**Task statement:** Repeat only the lines below that run from the line with "Bindemütze Fiebig jeansblau" to the line with "来马来西亚后爱上吃面包！ 外国人妻：种类多又便宜！", ends included; skip every picture.
Provided records: Begin
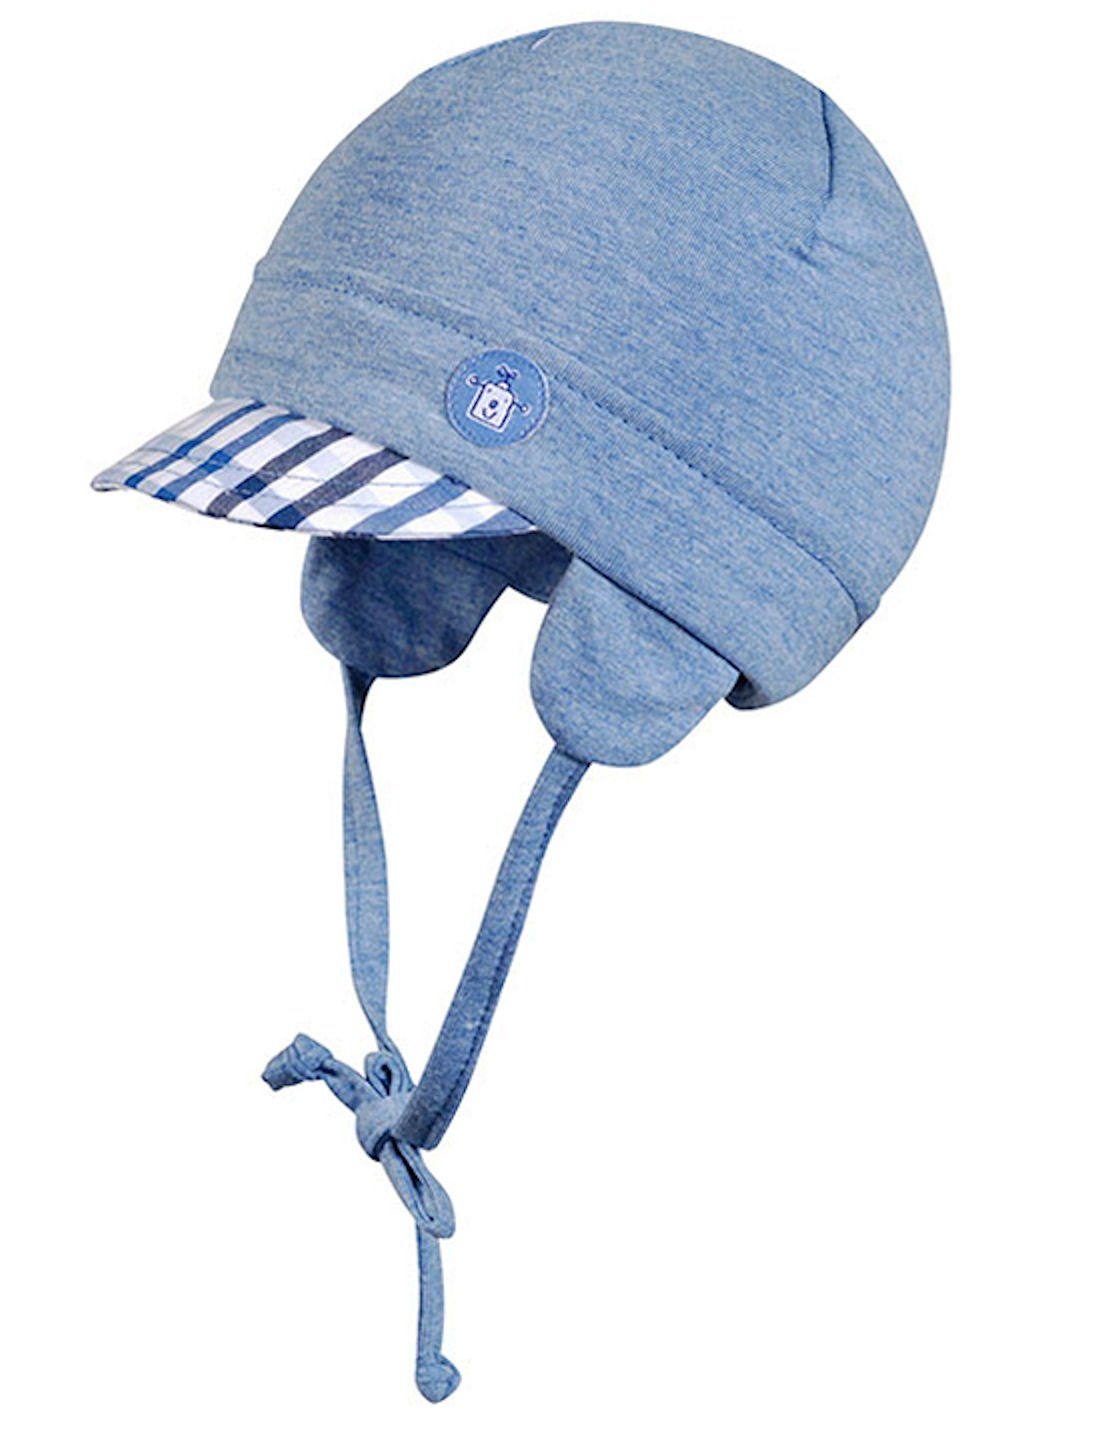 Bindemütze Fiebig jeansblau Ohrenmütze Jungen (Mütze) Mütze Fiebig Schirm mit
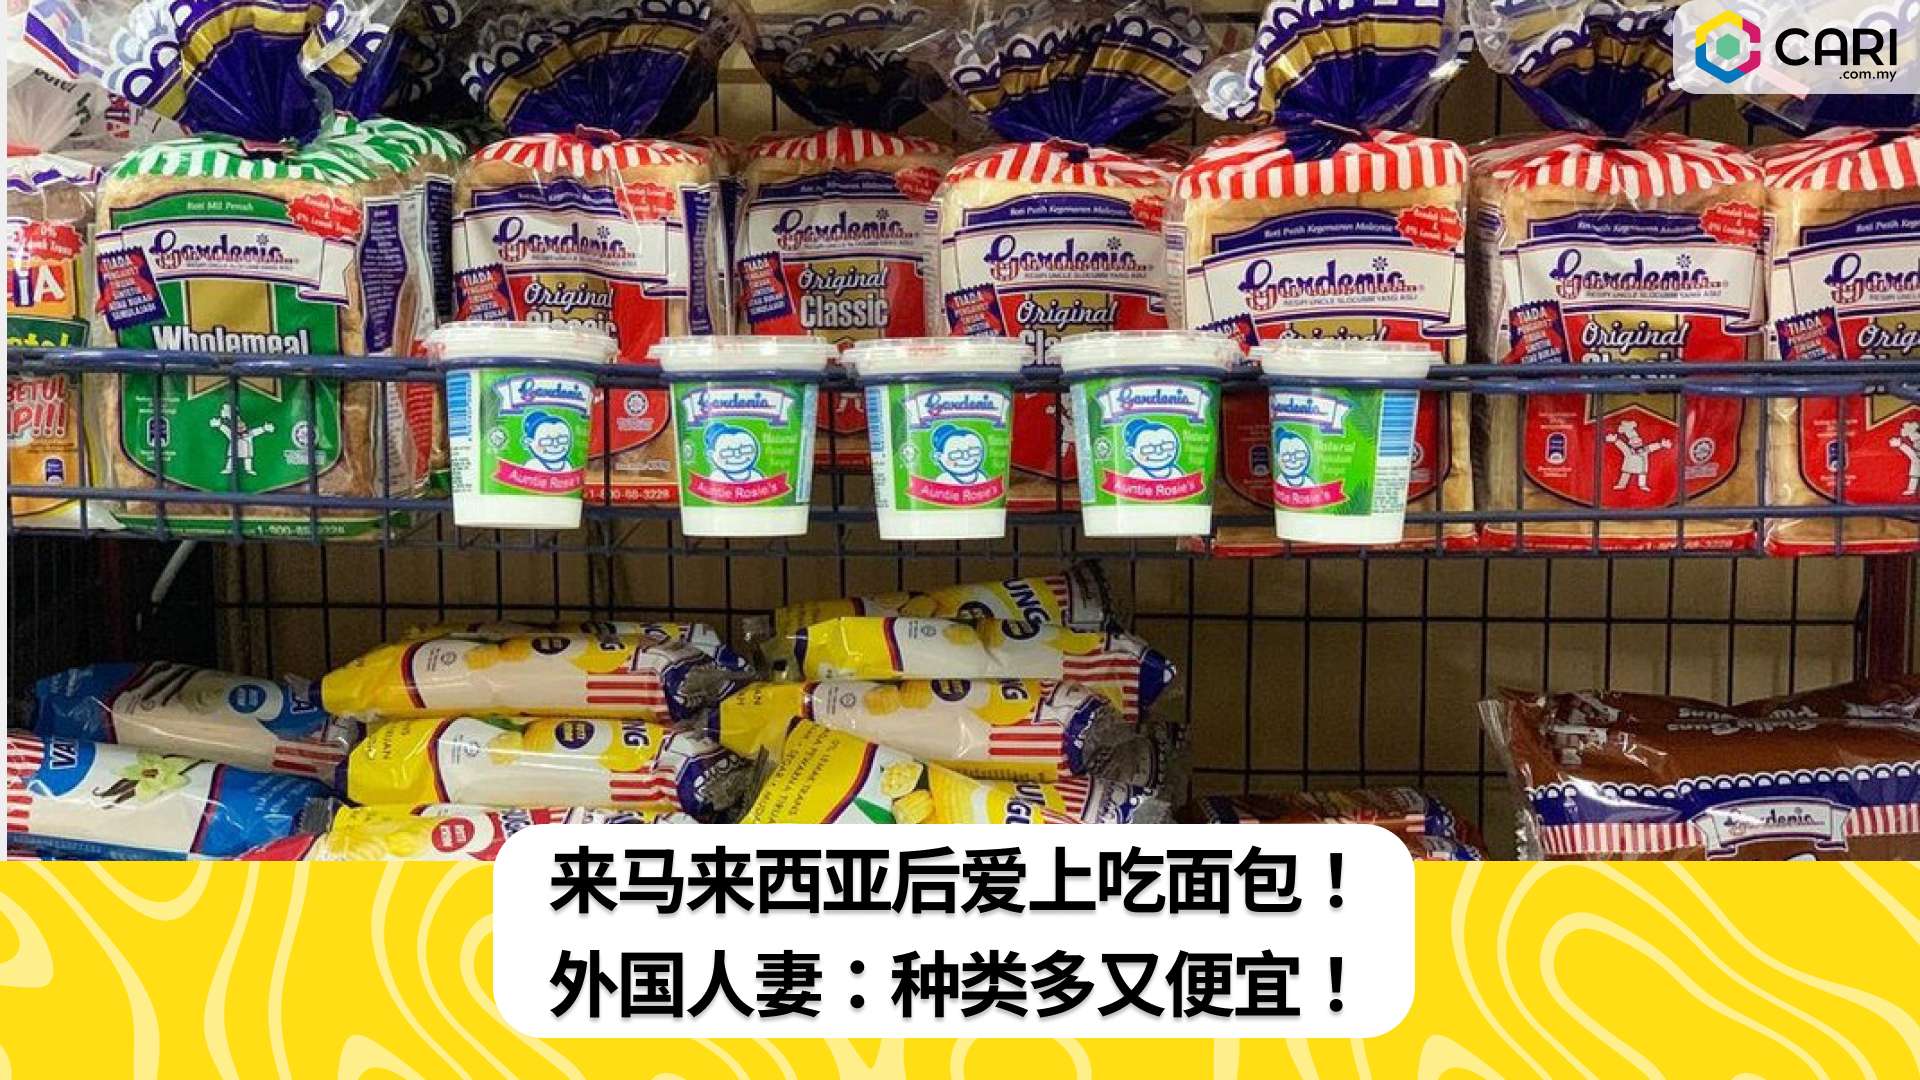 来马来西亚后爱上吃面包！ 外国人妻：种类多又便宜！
Provided records: End
Provided records: Begin
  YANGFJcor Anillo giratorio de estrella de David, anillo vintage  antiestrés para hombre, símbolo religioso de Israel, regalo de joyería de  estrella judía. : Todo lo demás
Provided records: End
Provided records: Begin
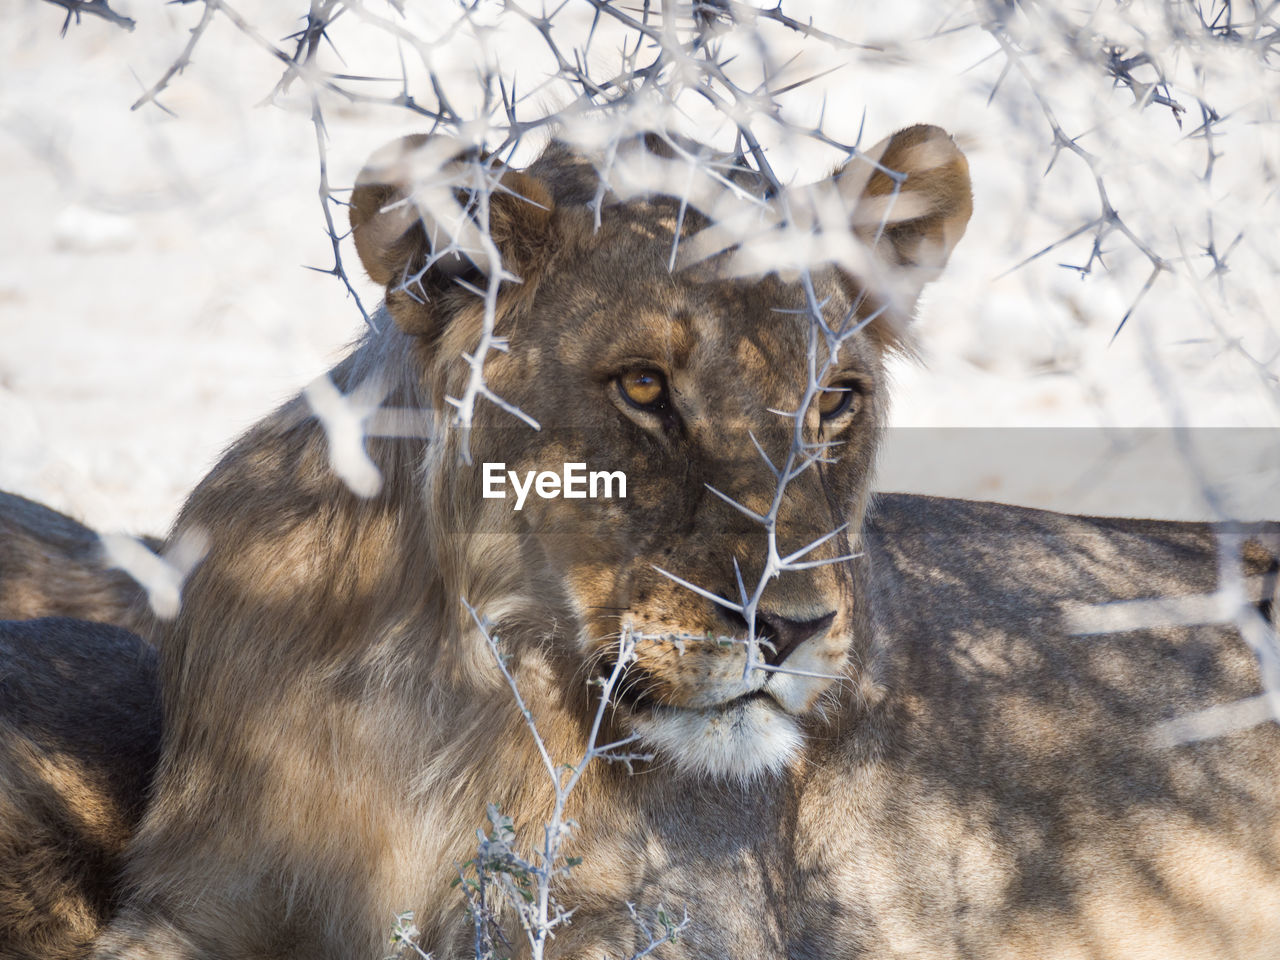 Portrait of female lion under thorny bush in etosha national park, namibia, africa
Provided records: End
**Result below:**
 Bindemütze Fiebig jeansblau Ohrenmütze Jungen (Mütze) Mütze Fiebig Schirm mit
 来马来西亚后爱上吃面包！ 外国人妻：种类多又便宜！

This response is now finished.